Scenario 2: Delegate authorization. We imagine a scenario in which a high-specification ECS can be created only after the approval of the Department manager. According to the Passle scenario described earlier, we can arrange the whole workflow of “Application-Approval-Create ECS-Initialize ECS” into a template, prepare a role with ECS privileges and trust OOS services, and then give the template to ordinary users. The problem here is that we do not want to grant PassRole privileges to ordinary users, nor to create ECS privileges to ordinary users. What should we do? In order to achieve security and convenience at the same time, we recommend “delegation authorization”. In this scenario, there are two different sub-accounts.
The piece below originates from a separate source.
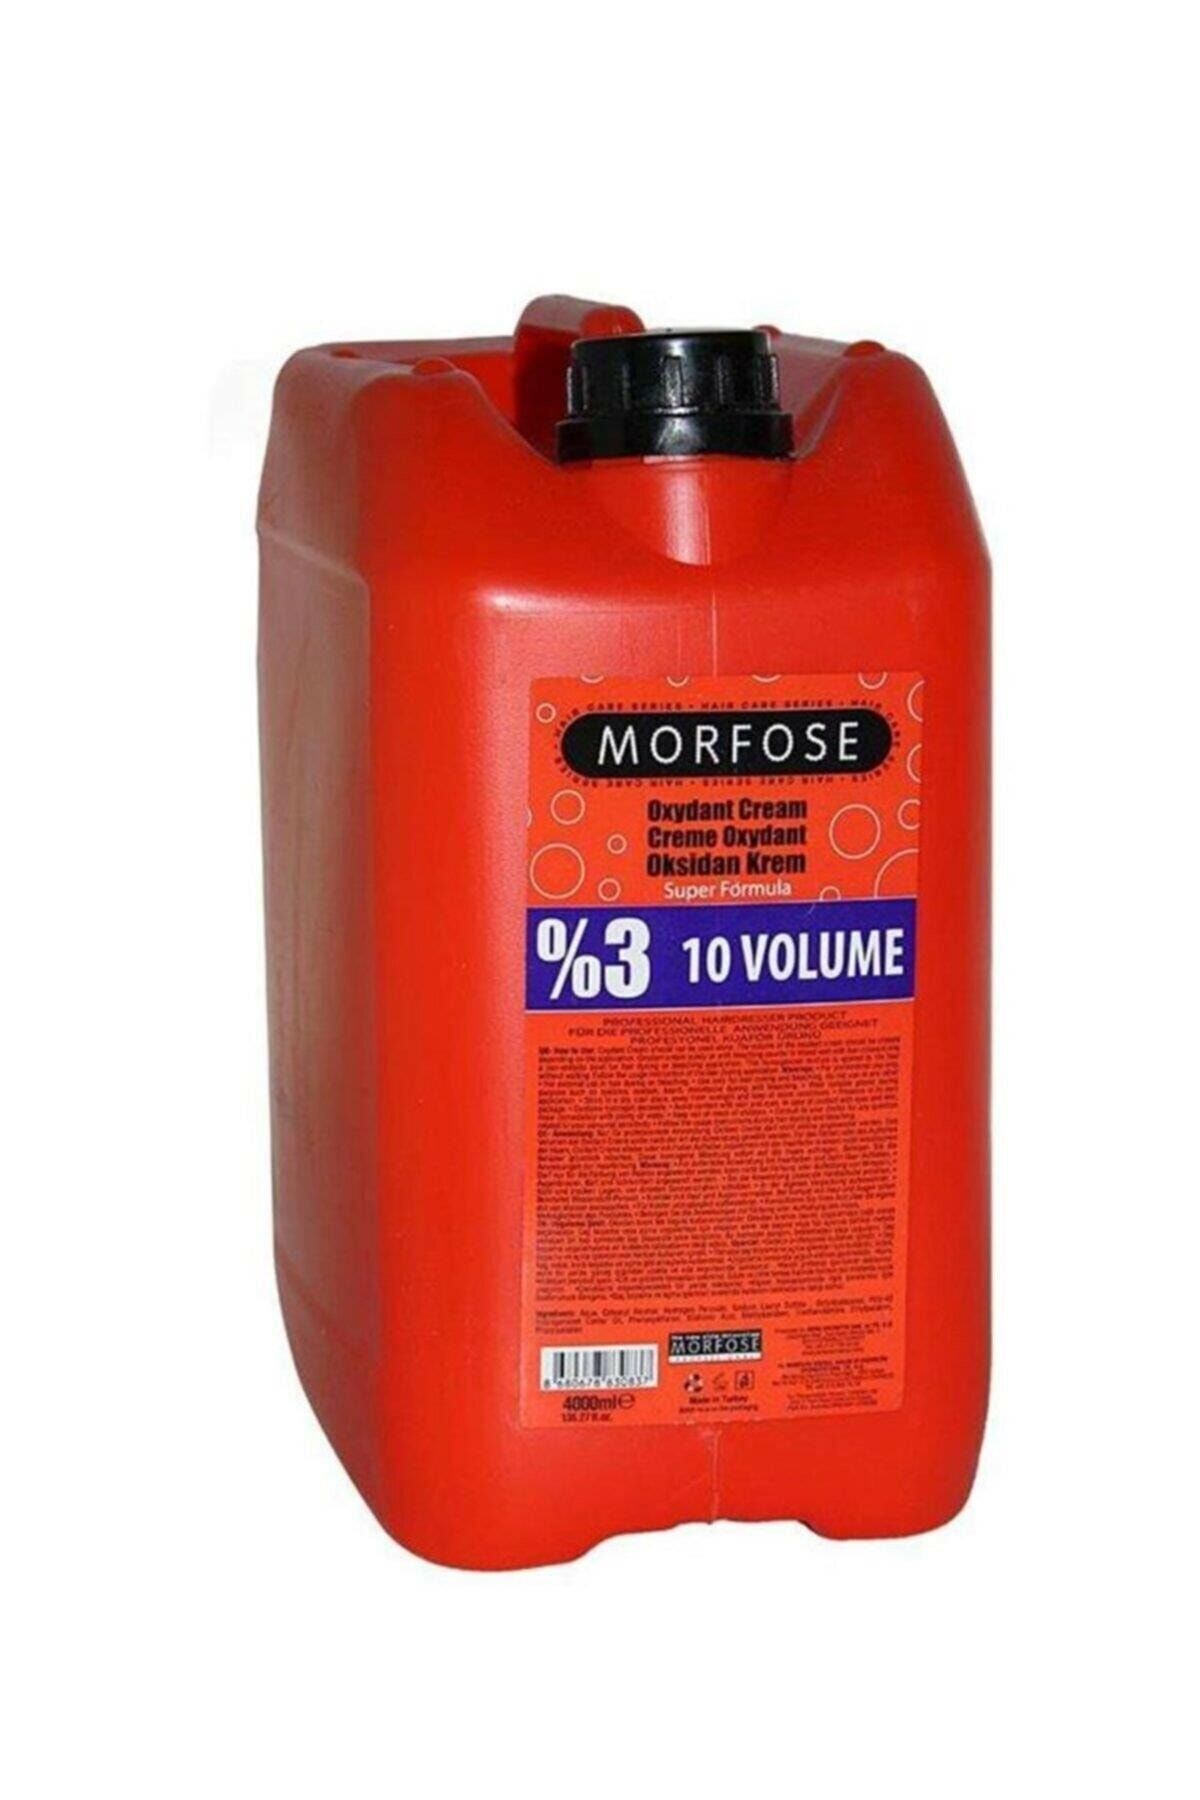 Morfose %3 10 Volume Oksidan Krem 4000 ml

The first is the template manager, who is responsible for the development and maintenance of custom templates, such as the template of “applying for a high-specification ECS instance”. Another type of sub-account is the executor of the template, which needs to be executed to initiate applications for ECS. The administrator of the template has the right to edit the template, assigns a role to the template, and has PassRole privileges corresponding to that role. The executor of the template only needs to have the execution authority of the template, and does not need to perceive the corresponding role behind the template, let alone the Passler authority of the role. In this scenario, the administrator of a template “delegates authority” to the executor of the template.
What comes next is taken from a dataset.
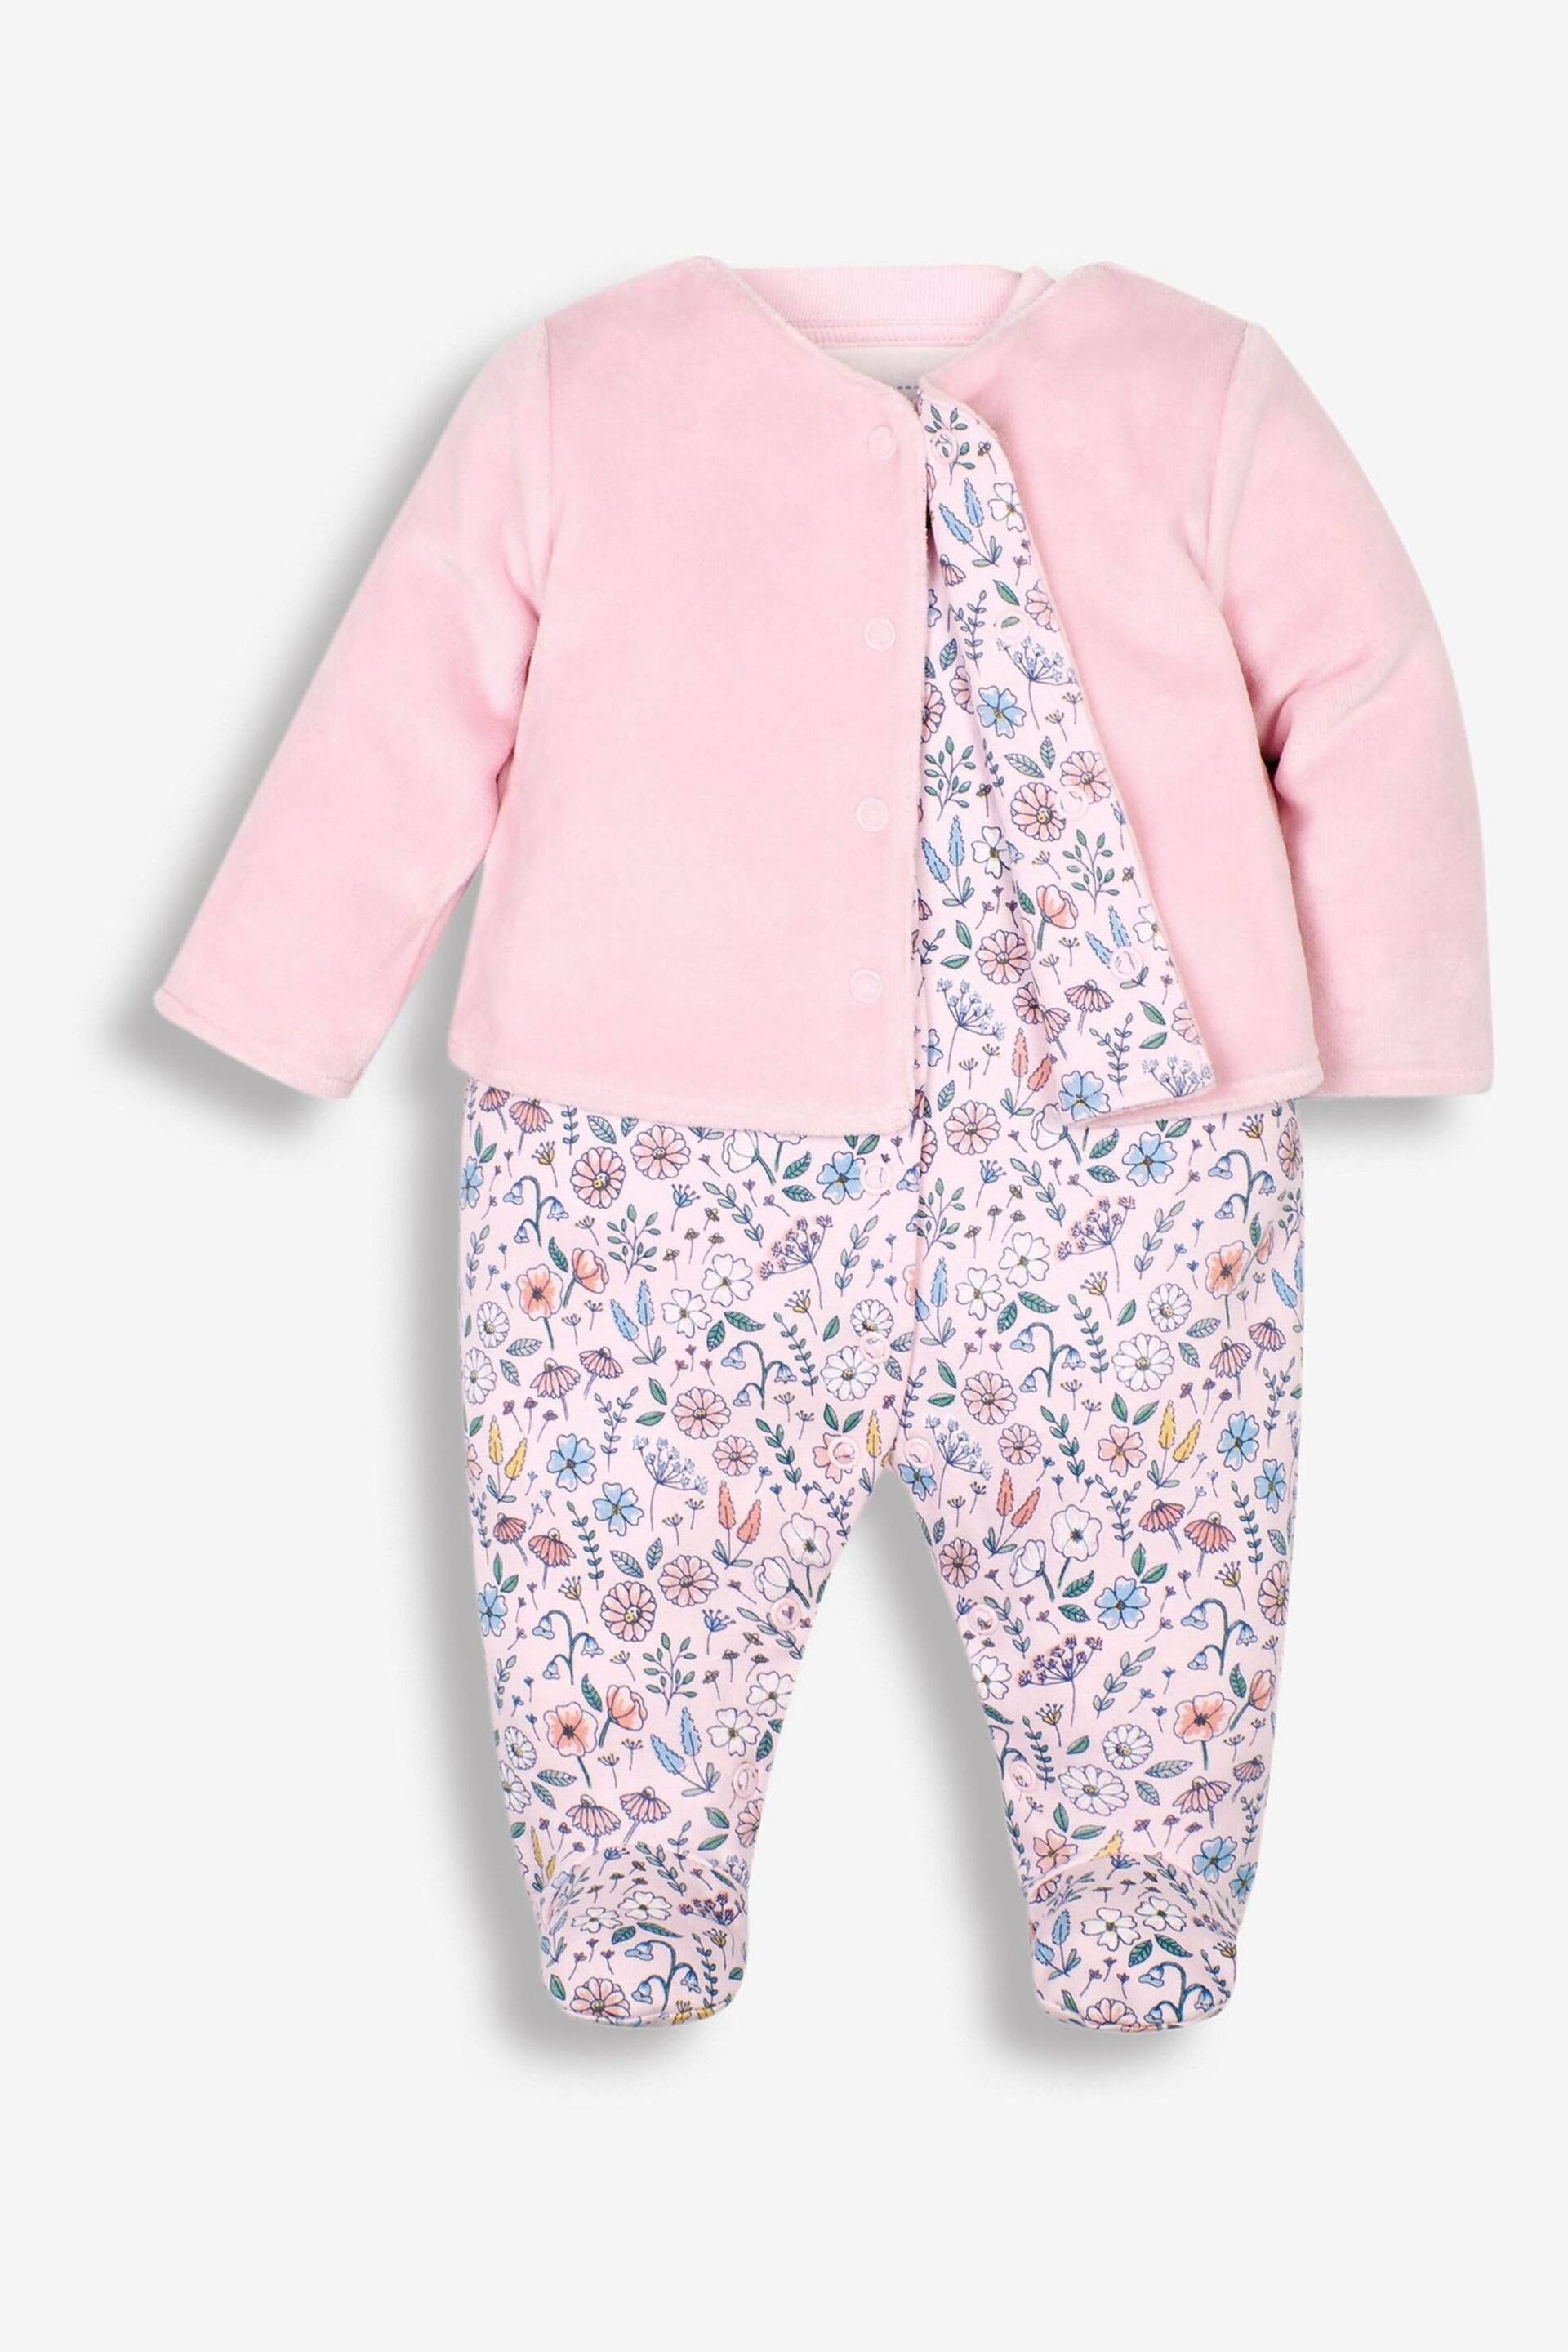 JoJo Maman Bébé Pink Floral 2-Piece Baby Sleepsuit & Velour Jacket Set - Image 5 of 9

Permission to play transshipment maintenance choreography service: Assume Role + Pass Role

In a delegated authorization scenario, PassRole’s authentication action occurs when the template administrator creates the template, not when the template executor executes the template, on the grounds that the role of the template (assumed to be OOS Service Role) is specified by the template administrator at the creation time, and the executor is not aware of the role. In the allocation of privilege policy, template manager needs PassRole to call OOS Service Role’s privilege + edit template’s privilege, template executor only needs to read and execute template’s privilege. Note that this does not apply to scenario 1 where subaccounts choose roles autonomously when executing templates.

In practical use, administrators may create multiple roles and trust OOS to play them. It would be cumbersome to List roles one by one when granting PassRole privileges to subaccounts. To simplify, administrators can decide to allow PassRole calls to a subaccount whenever OOS can play a role. For example, the system permission strategy of Aliyun OOSFull Access is:

{
    "Statement": [
        {
            "Action": "oos:*",
            "Effect": "Allow",
            "Resource": "*"
        },
        {
            "Action": "ram:PassRole",
            "Resource": "*",
            "Effect": "Allow",
            "Condition": {
                "StringEquals": {
                    "acs:Service": "oos.aliyuncs.com"
                }
            }
        }
    ],
    "Version": "1"
}

Welcome to OOS

Links to the OOS Management Console: https://home.console.aliyun.com/redirect.htm?ProductId=ecs&path=automation/region/
Links to OOS Help Documents



Author: Yunpu

Read the original text

This article is the original content of Yunqi Community, which can not be reproduced without permission.